Recorded data →
■ ■ ■
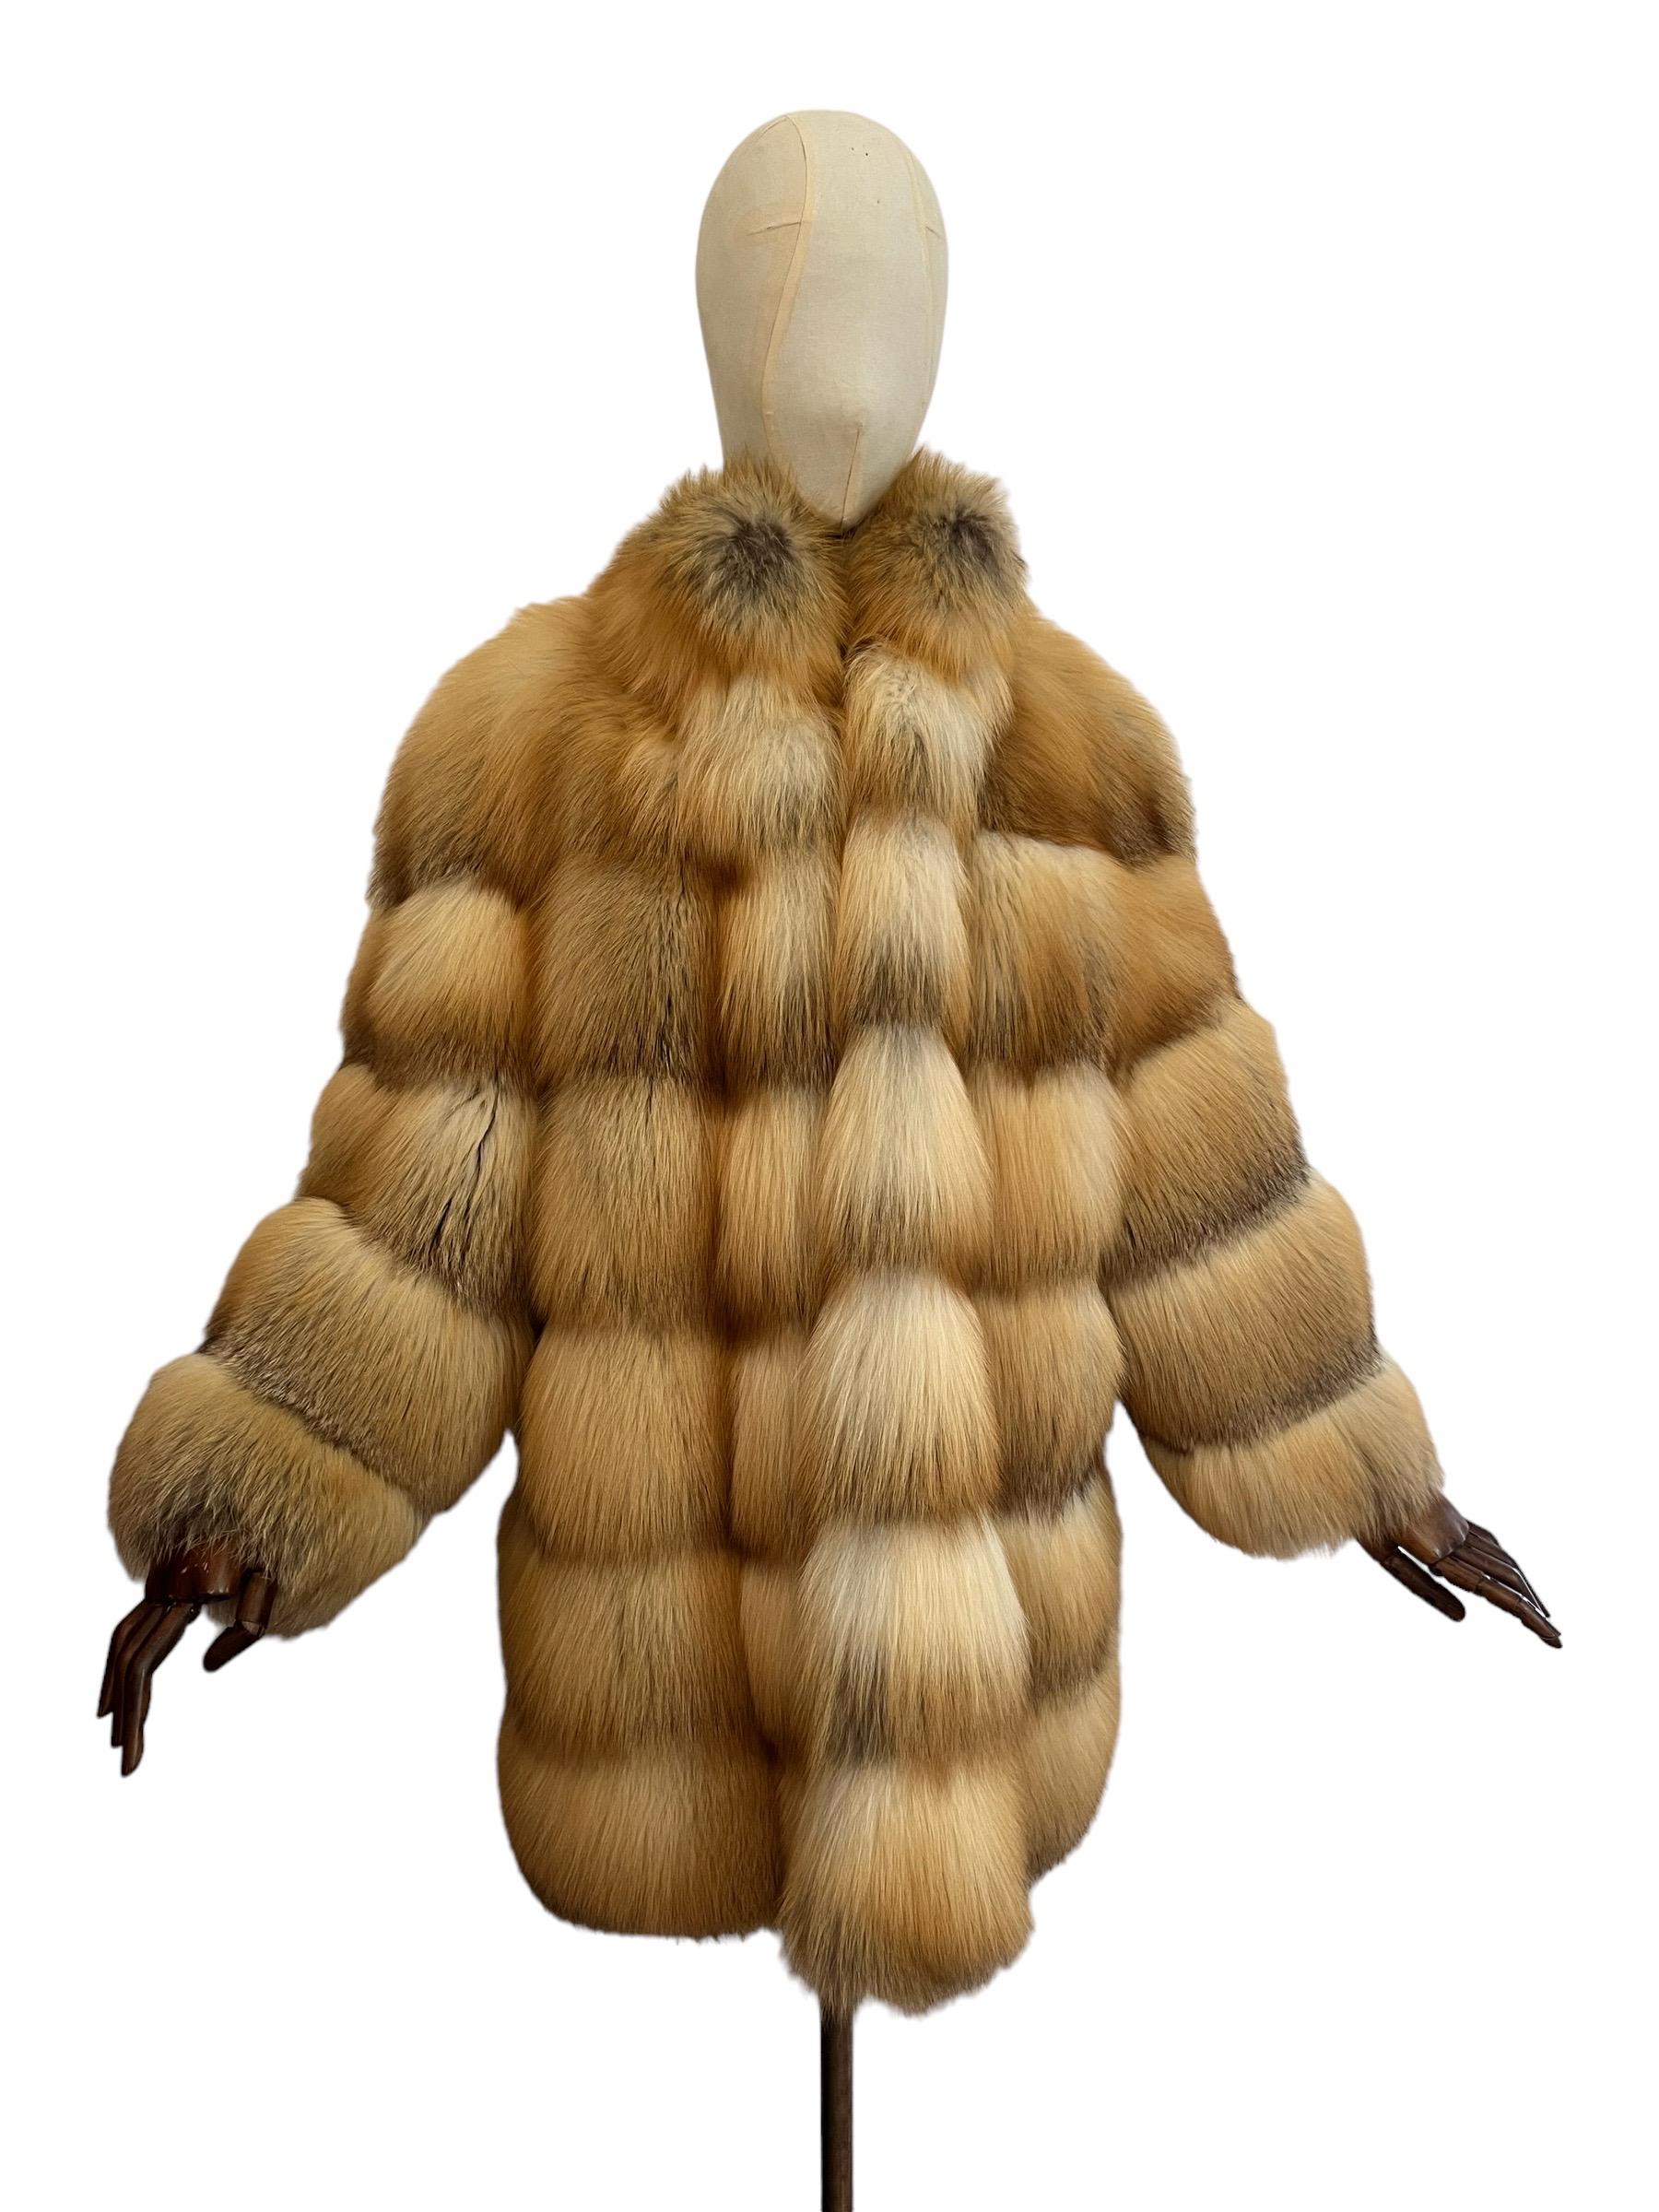 Unglaublicher, opulenter Vintage ESCADA by Margaretha Ley Pelzmantel circa 2000.

Diese außergewöhnliche Vintage Pelz Jacke verfügt über extrem Plüsch, dicke Pelze von weichen natürlichen goldenen Insel Fuchs (Vulpes Domestica), Samt gefütterte
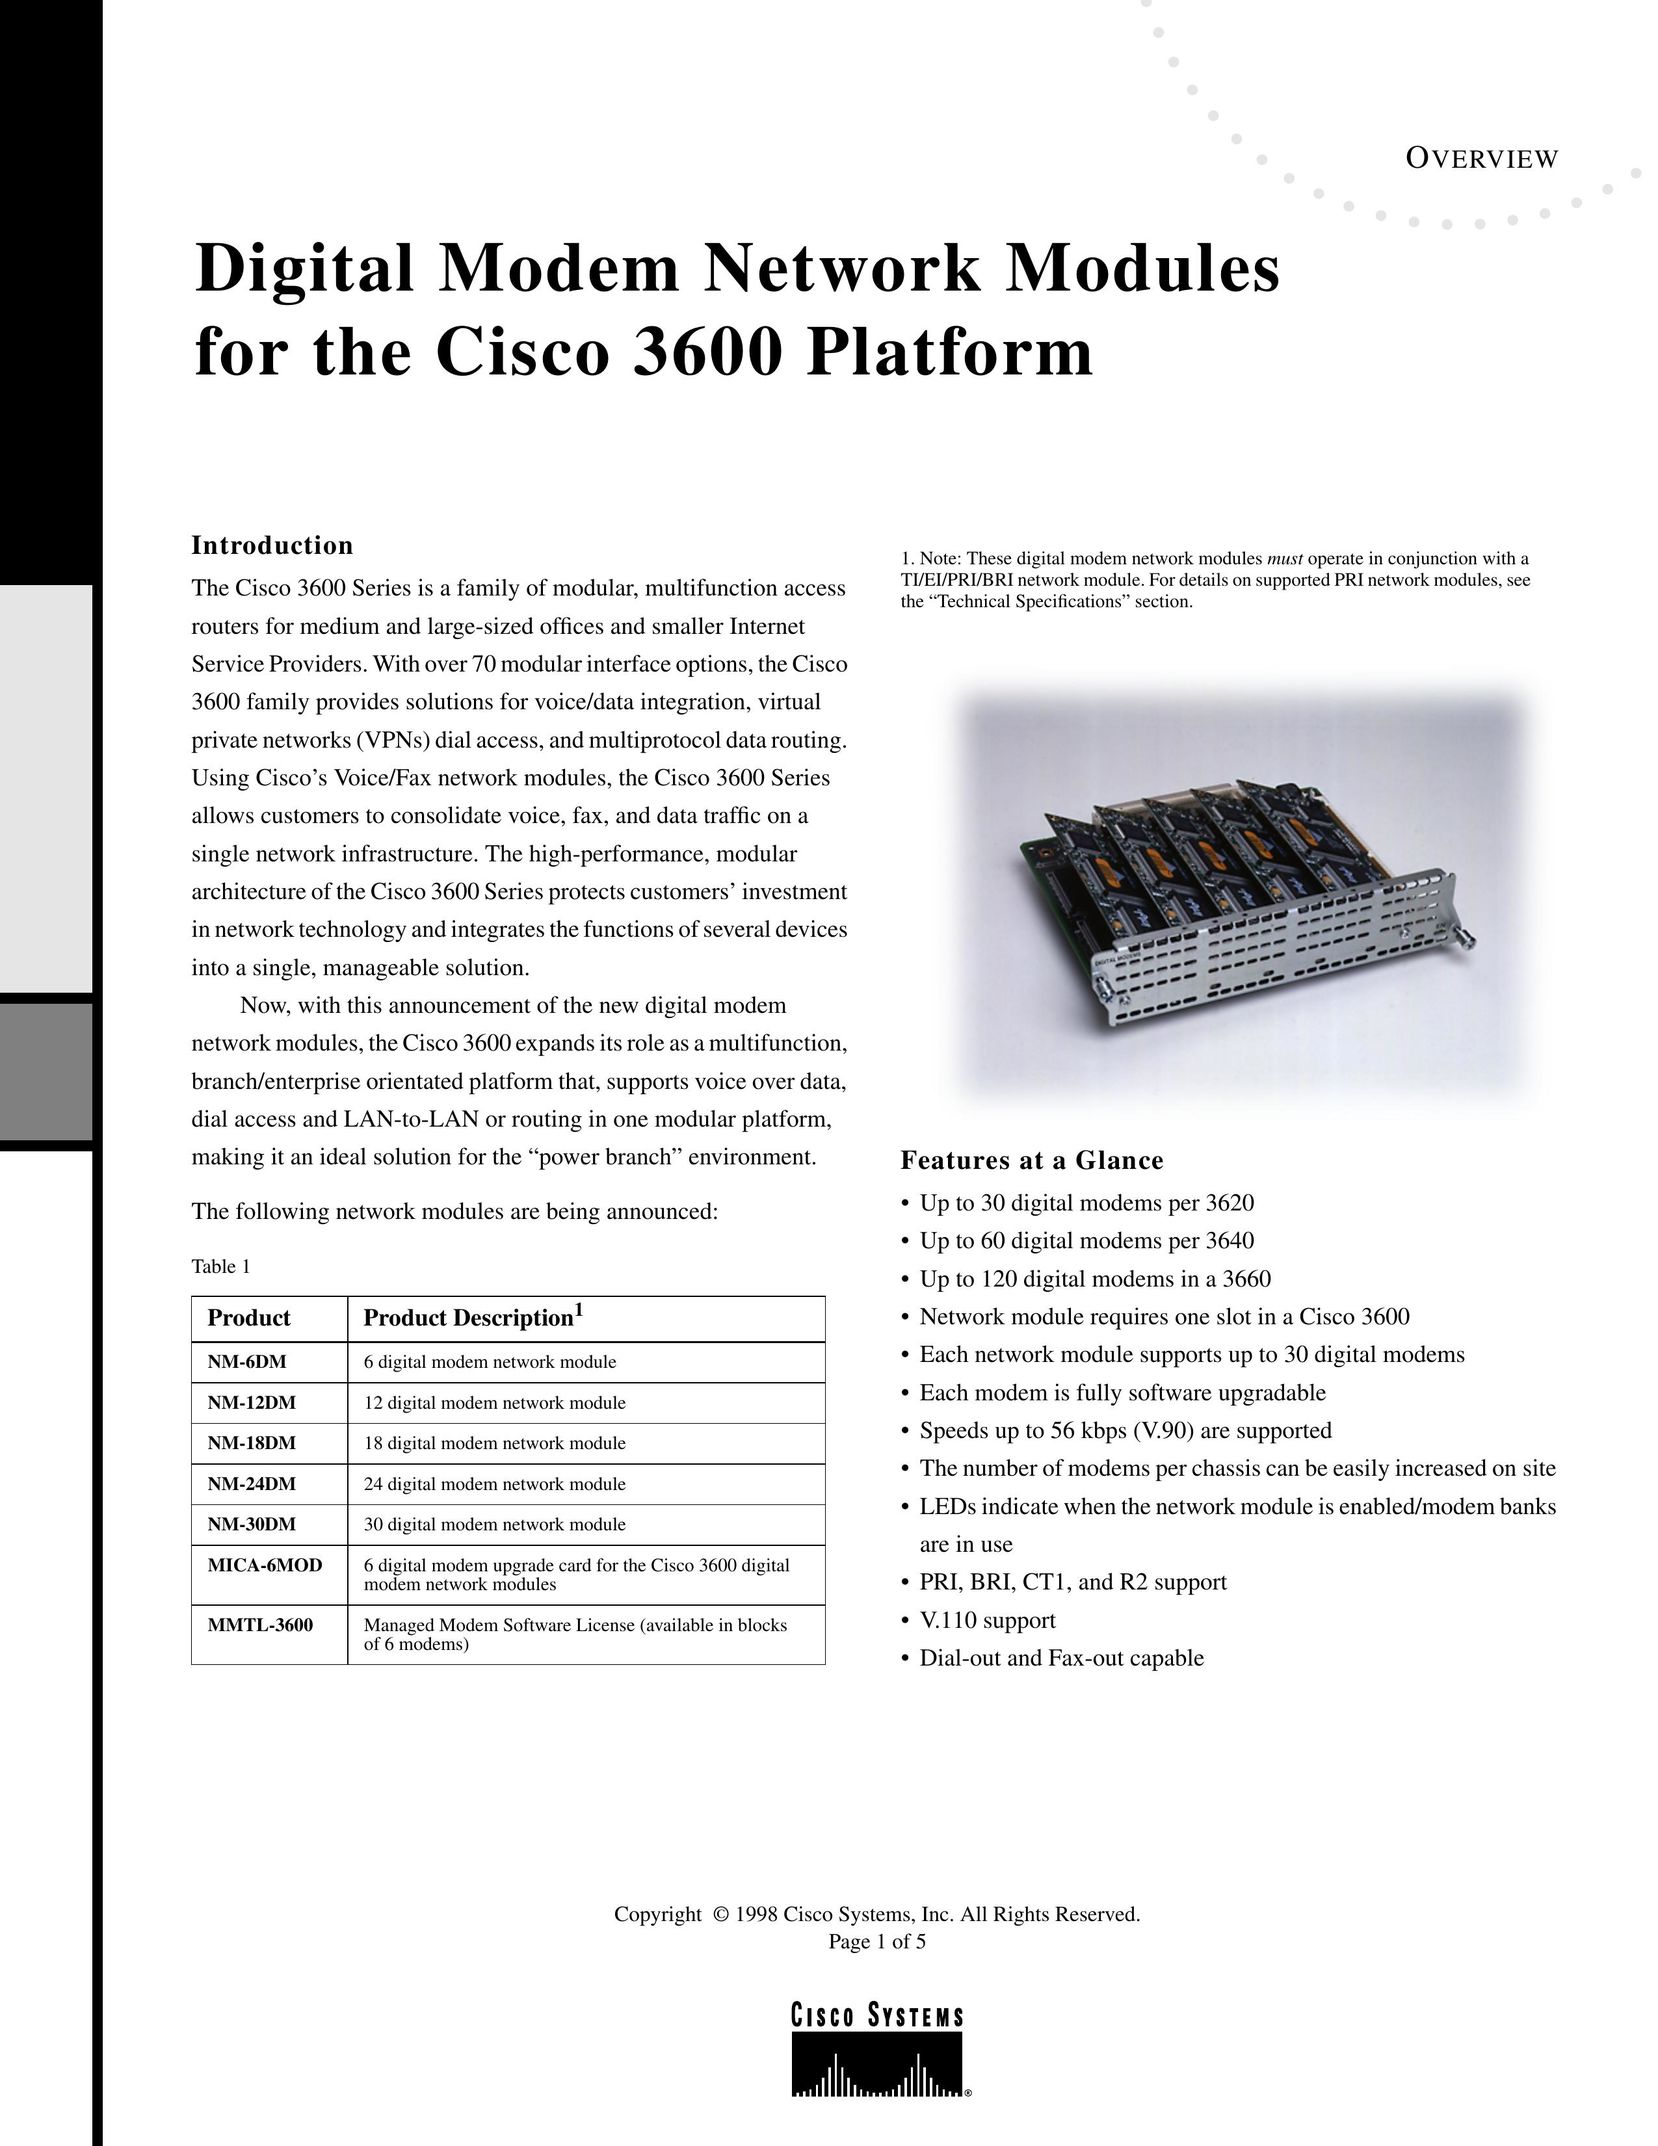 Cisco Systems NM30DM Modem User Manual
■ ■ ■
Problem to solve →
All of the lines above should be copied exactly, apart from the pictures.

Problem solution →
 Unglaublicher, opulenter Vintage ESCADA by Margaretha Ley Pelzmantel circa 2000.

Diese außergewöhnliche Vintage Pelz Jacke verfügt über extrem Plüsch, dicke Pelze von weichen natürlichen goldenen Insel Fuchs (Vulpes Domestica), Samt gefütterte
 Cisco Systems NM30DM Modem User Manual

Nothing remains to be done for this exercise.